Monday, July 30, 2012

Last Kind Words




Baggage carousel at Detroit International. Dozens of bags spin and crash. The carousel's choked as more bags pour in.

Weather delays caused this crush. Everyone's late, too tired to be testy. Resigned expressions above the stack.

A guy to my left grabs then tosses bags. He's looking for his, but none look alike. Either he travels heavy, or has trouble discerning shapes.

He's mid-50's. Sneakers, plaid shorts, white sports shirt. He grins a lot. An odd grin, more confused than amused. A decided overbite adds a comic touch.

He wears a dark blue Romney for President cap. I almost feel sorry for him. Openly backing Romney? Who does such a thing?

I try not to judge. Still, is this who Romney attracts? Someone who throws other people's bags around, smiling like a goof?

Not that it matters to me. I'm watching this election underwater. Bullshit rises to the surface, floats out to sea.

I'm also distant from the angry debate over Syria among various radicals. Is it a revolution or contra war? Those I'm closest to say the former, and I tend to agree.

But I don't see NATO as a revolutionary force. Not even in a realpolitik way. But then I'm not on the front lines. There you take what you can get. Ask the Kurds.

No matter what I or my friends think, we don't affect those front lines. It's grandiose to believe that we do.

We help pay NATO's bills. Maybe some of that flows into rebel accounts. But that's the extent of it. Still, venomous exchanges continue. Being on the Right Side of history is not a happy task.

I'm not blind to the shifts now occurring. The Arab world is shedding despotic skin, but for what? For whom? When the US claims something is "democratic," look for the sniper in the room. He's there. He always is.

Less touted is Latin America's steady extraction from US influence.

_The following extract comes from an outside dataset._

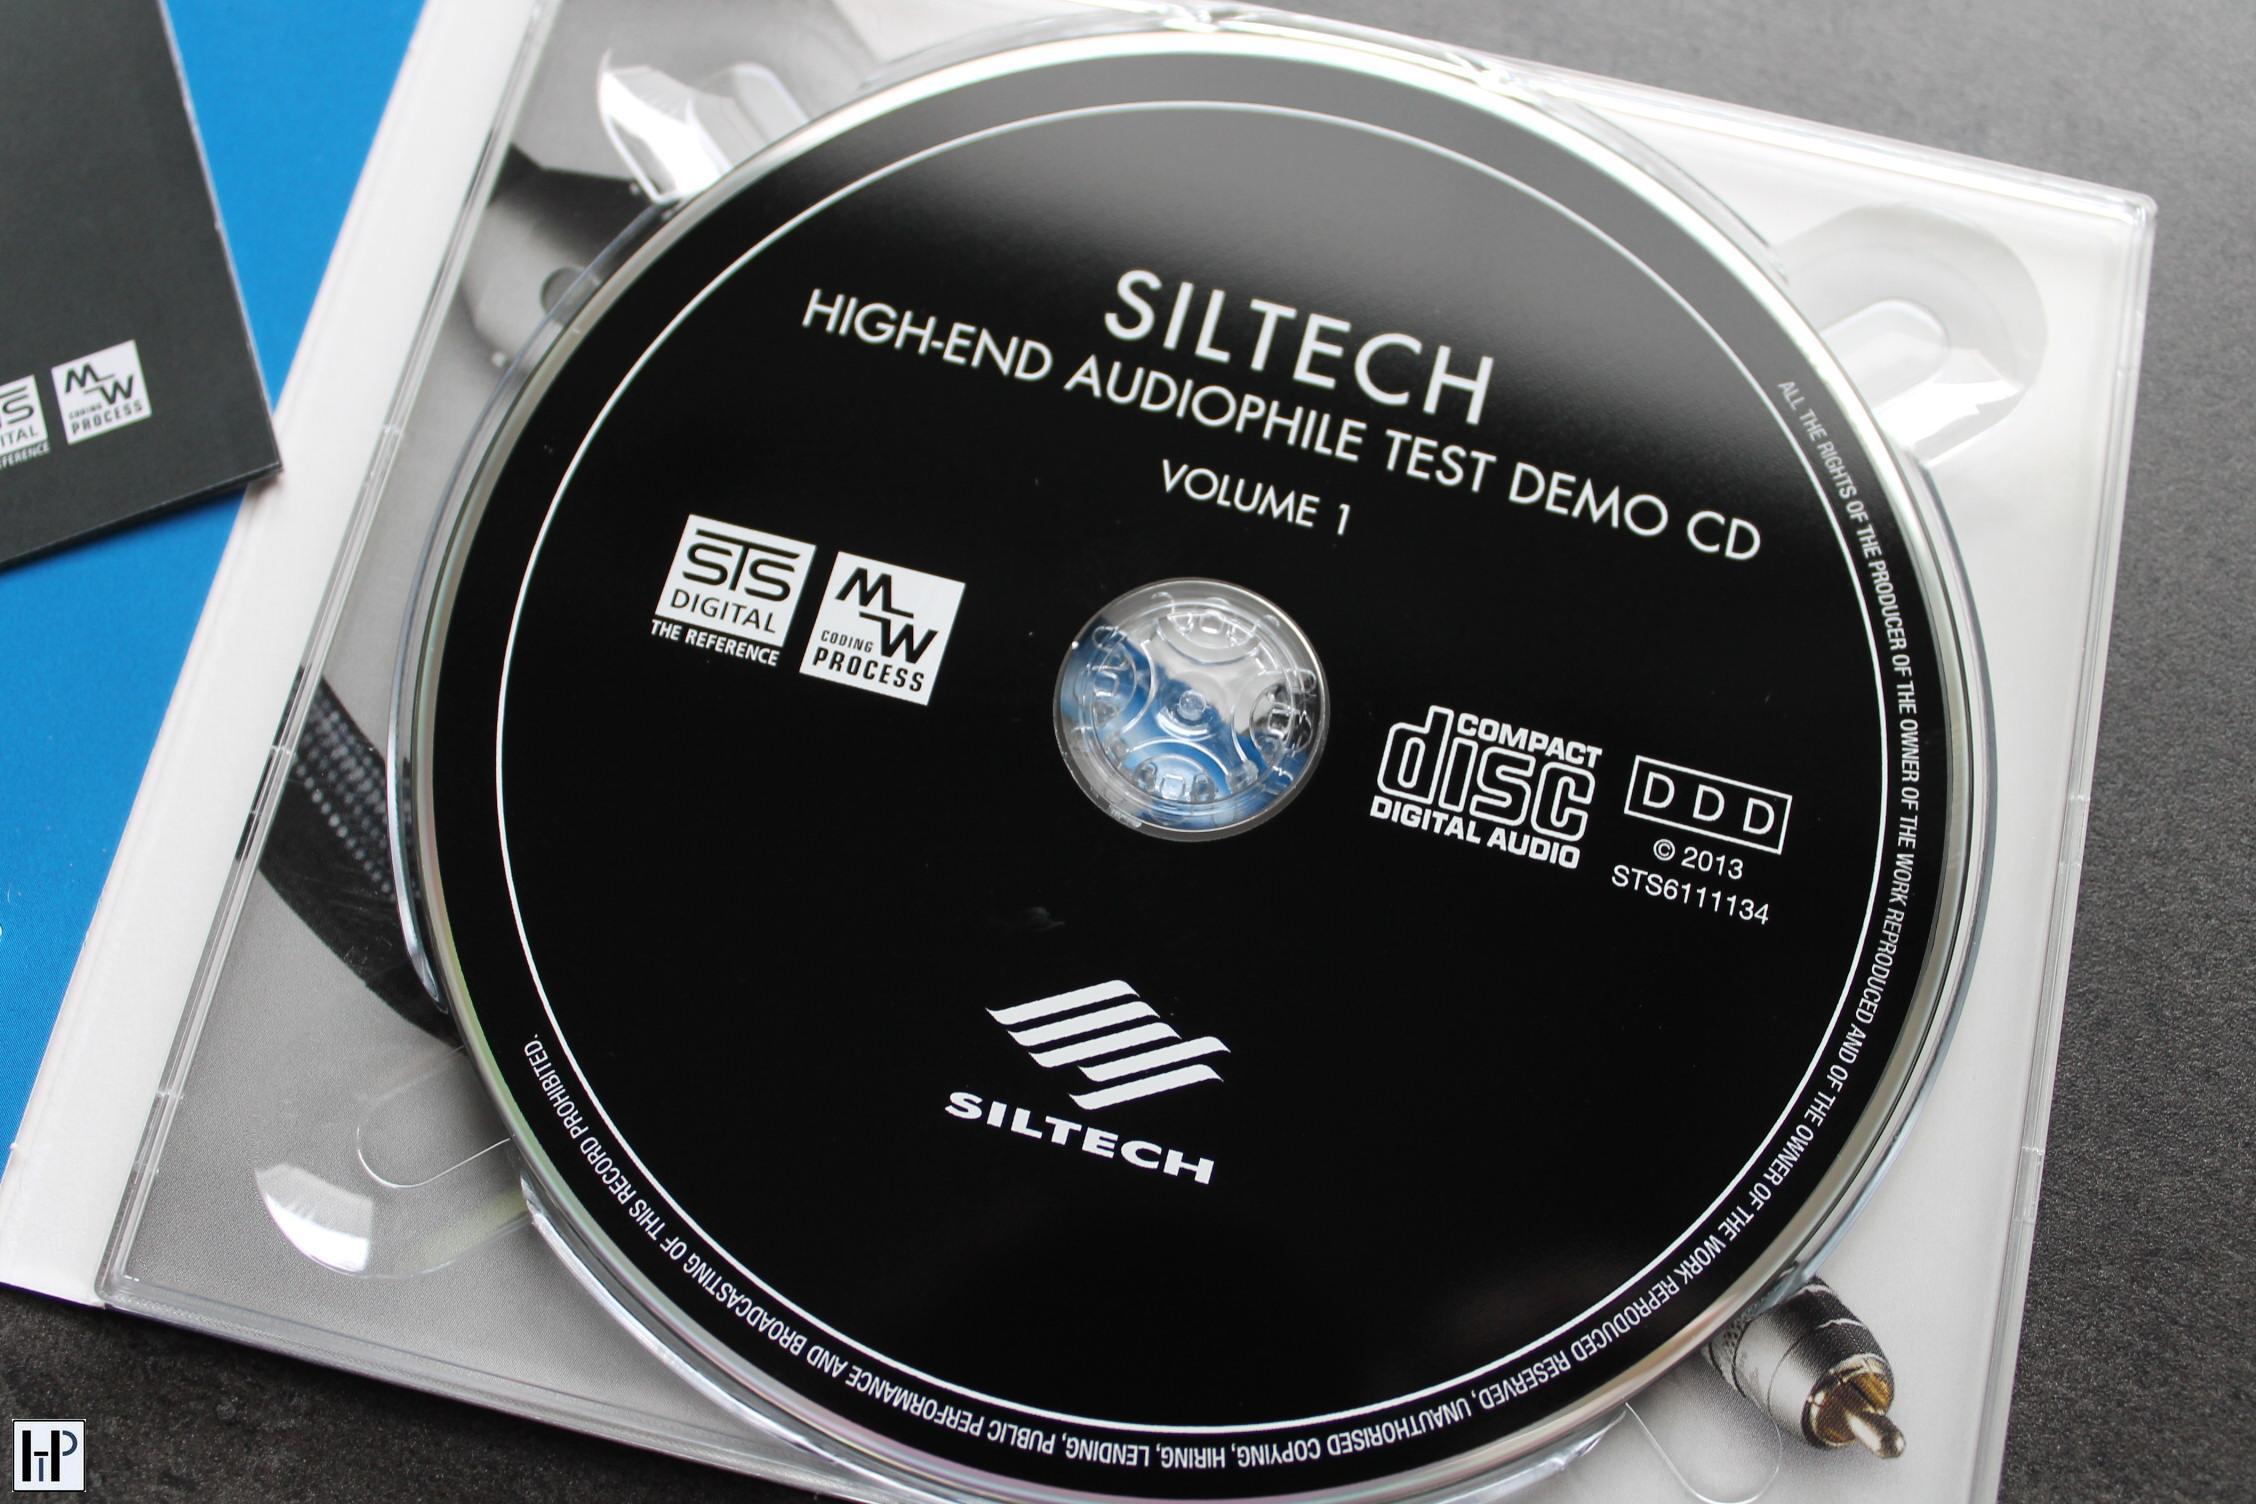 STS Digital - Siltech High End Audiophile Test CD Vol.1

While not as dramatic as the Arab Summer -- though no less violent -- Latin America moves in a more independent direction. US power is waning.

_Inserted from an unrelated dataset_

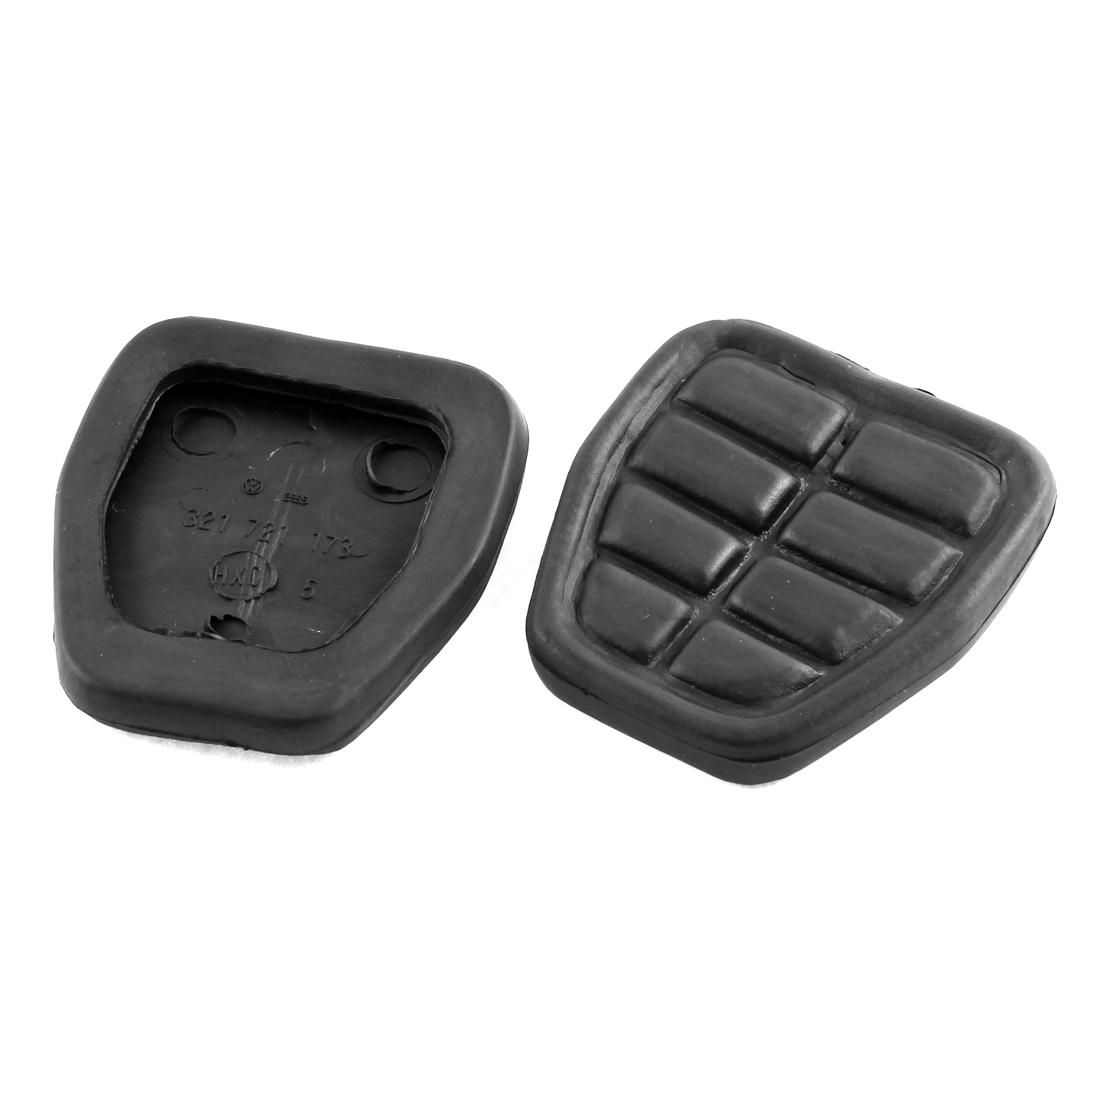 Clutch Brake Pedal Pad Rubber Set 321721173 2 Pcs for Audi 80

This is good. It may also prove dangerous. We are renowned sore losers. Heavily-armed. Favored by God. Simple lethal math.

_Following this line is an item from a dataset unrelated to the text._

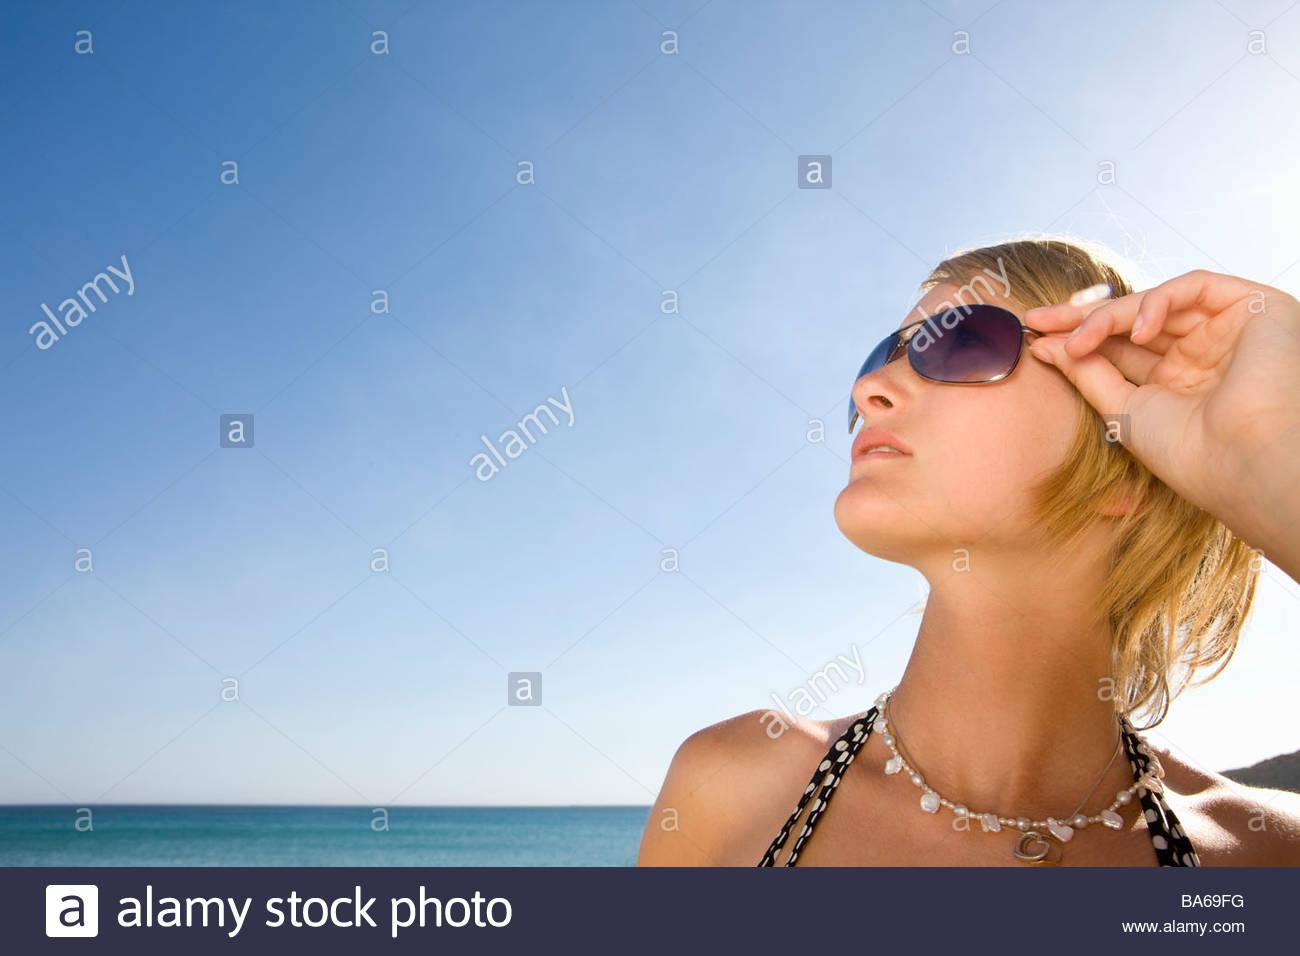 Adolescente élégant posing on beach Photo Stock

Resistance from within grows, emerging from the seeds planted by Occupy. That movement has been mocked and mourned, but it had an effect. The state crushed what it could. Yet these weren't fatal blows.

Mainstream liberals fear that Occupy's example might hurt Obama's re-election. Pundits like Harold Meyerson and Sean Wilentz defensively dismiss radical critiques of Their President. I like it that they're scared, but they needn't be. Not yet, anyway.

An American Spring at the start of Obama's second term? As Obama's predecessor and Terror War influence put it, bring it on. The mission is far from accomplished.